Las Vegas Sun

April 18, 2024

Professor: Weigh abuse

A psychology professor advised the jury to not give Patrick McKenna the death sentence without further investigating how his abusive childhood may have damaged his mental health.

Professor Stephen Pittel of Berkeley, Calif., said Tuesday it was possible that childhood beatings and a brutal and humiliating juvenile detention may have encouraged McKenna's aggressive behavior.

"I'm not in any way an advocate for Patrick McKenna," Pittel said. But "I personally and professionally feel that the jury should have access to that information before passing a verdict on a man's life."

McKenna was never evaluated by a psychologist during his more than 30 years in prison, said Pittel, who added he was struck by the emotion McKenna expressed over his daughter's death. The child died at birth; McKenna was 17.

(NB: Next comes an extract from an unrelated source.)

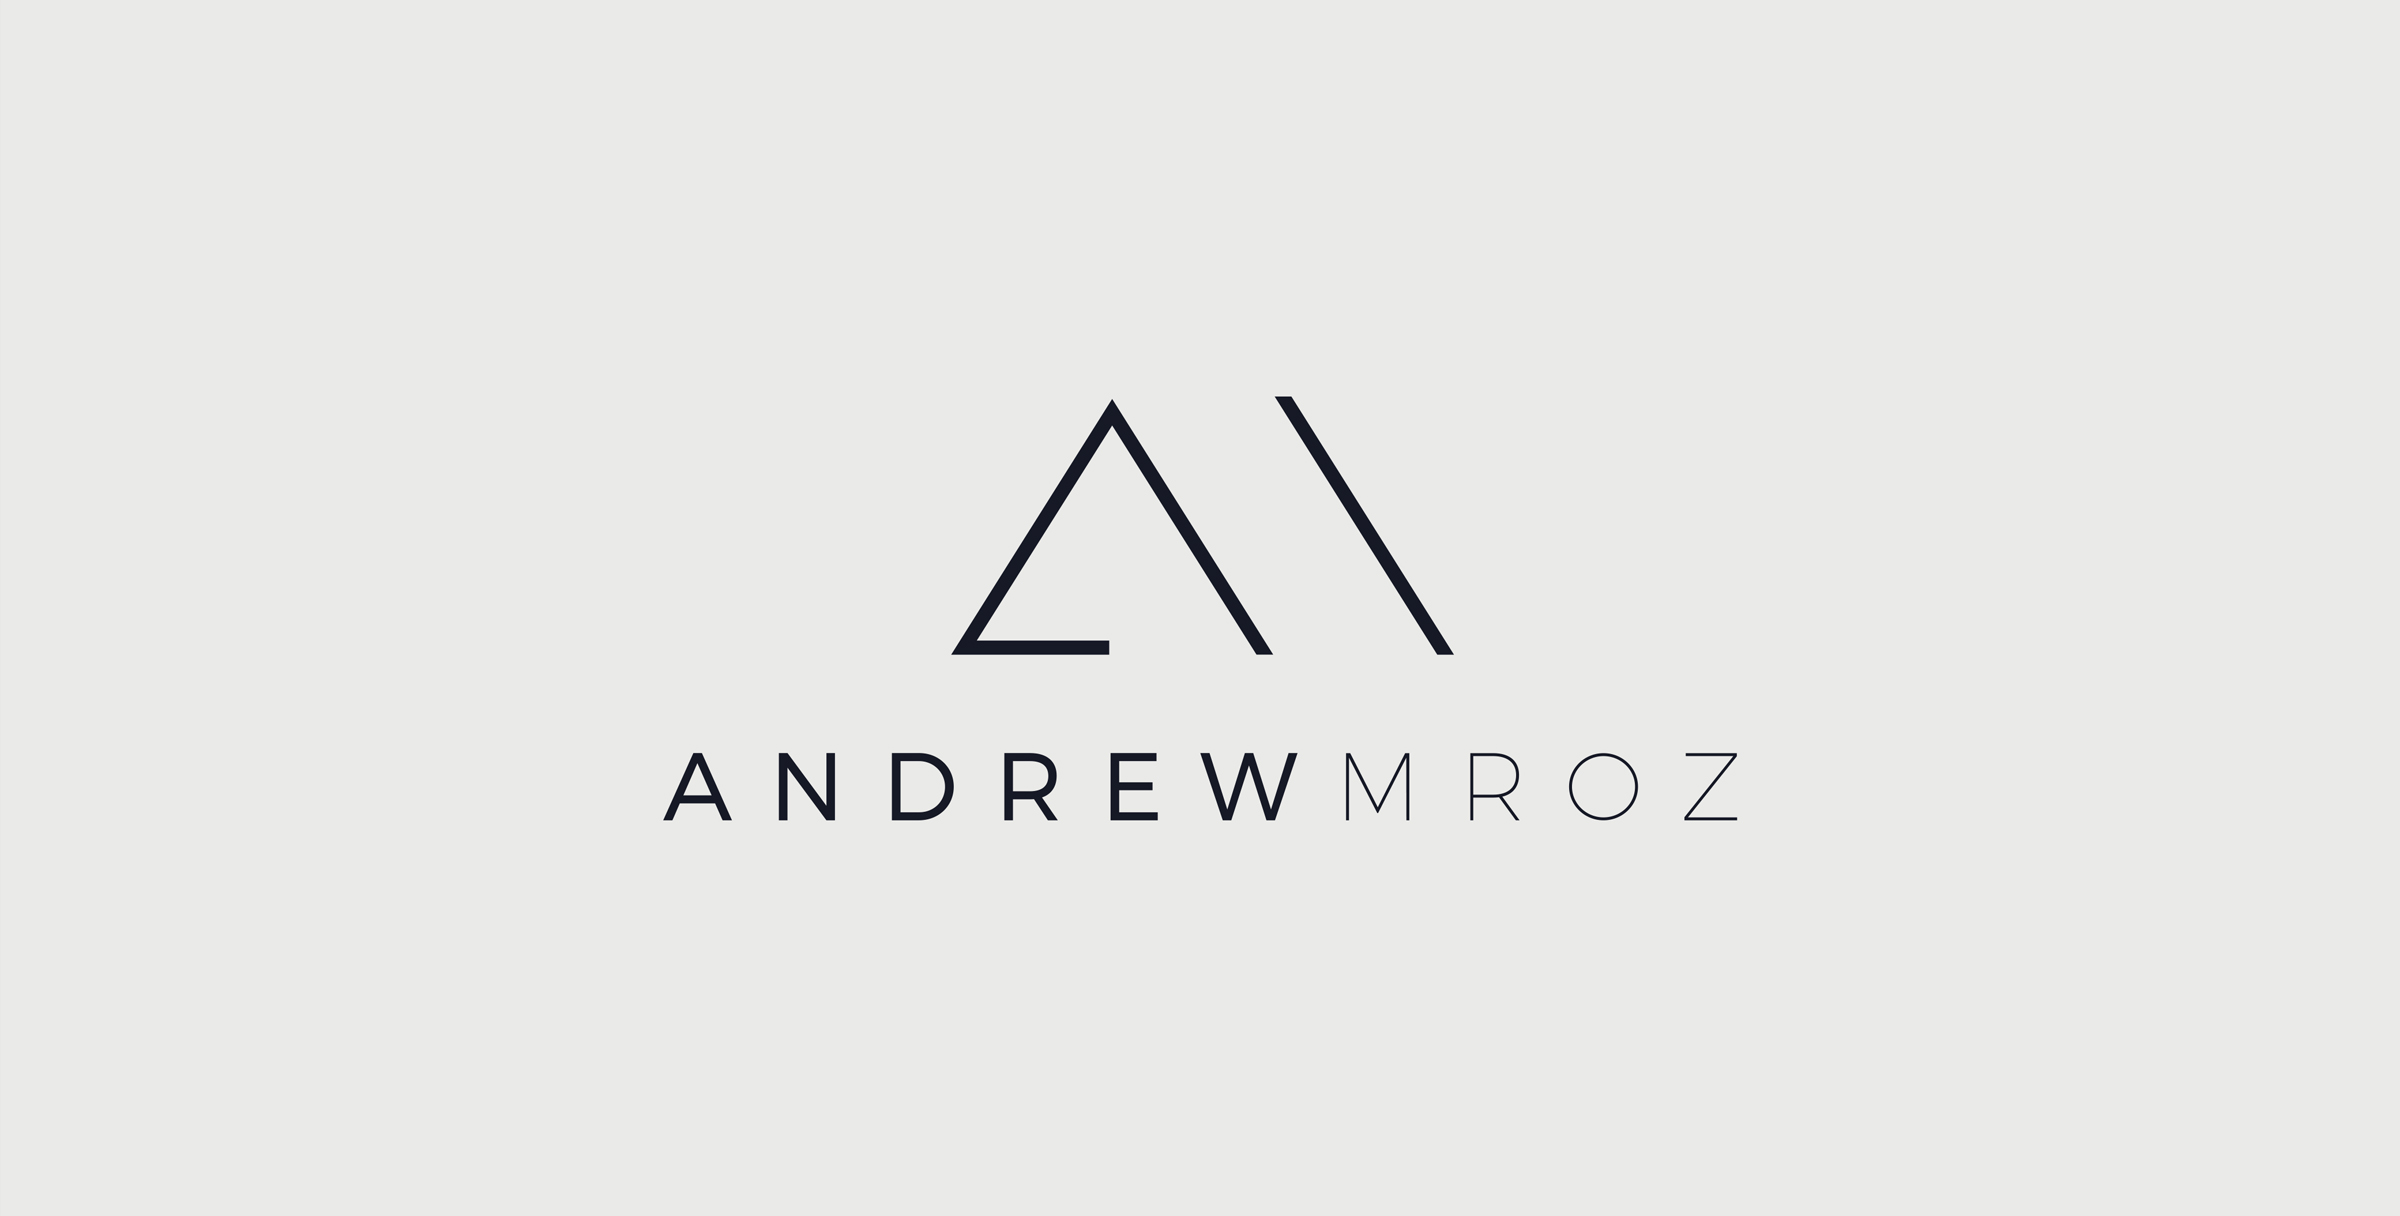 andrew-mroz-winnipeg-remax-branding-design-clover-and-crow

"The ability to feel grief ... for a dead child is the best sign of a conscience," Pittel said.

The idea of a grieving and remorseful McKenna clashes with the widely held belief that he is a "cold-blooded psychopath," Pittel acknowledged.

McKenna strangled to death fellow prisoner J.J. Nobles after losing a chess game and refusing to perform a sexual act. That same day he was convicted of raping two women. McKenna and another man were charged with assaulting the women and shoving firecrackers inside one woman's vagina.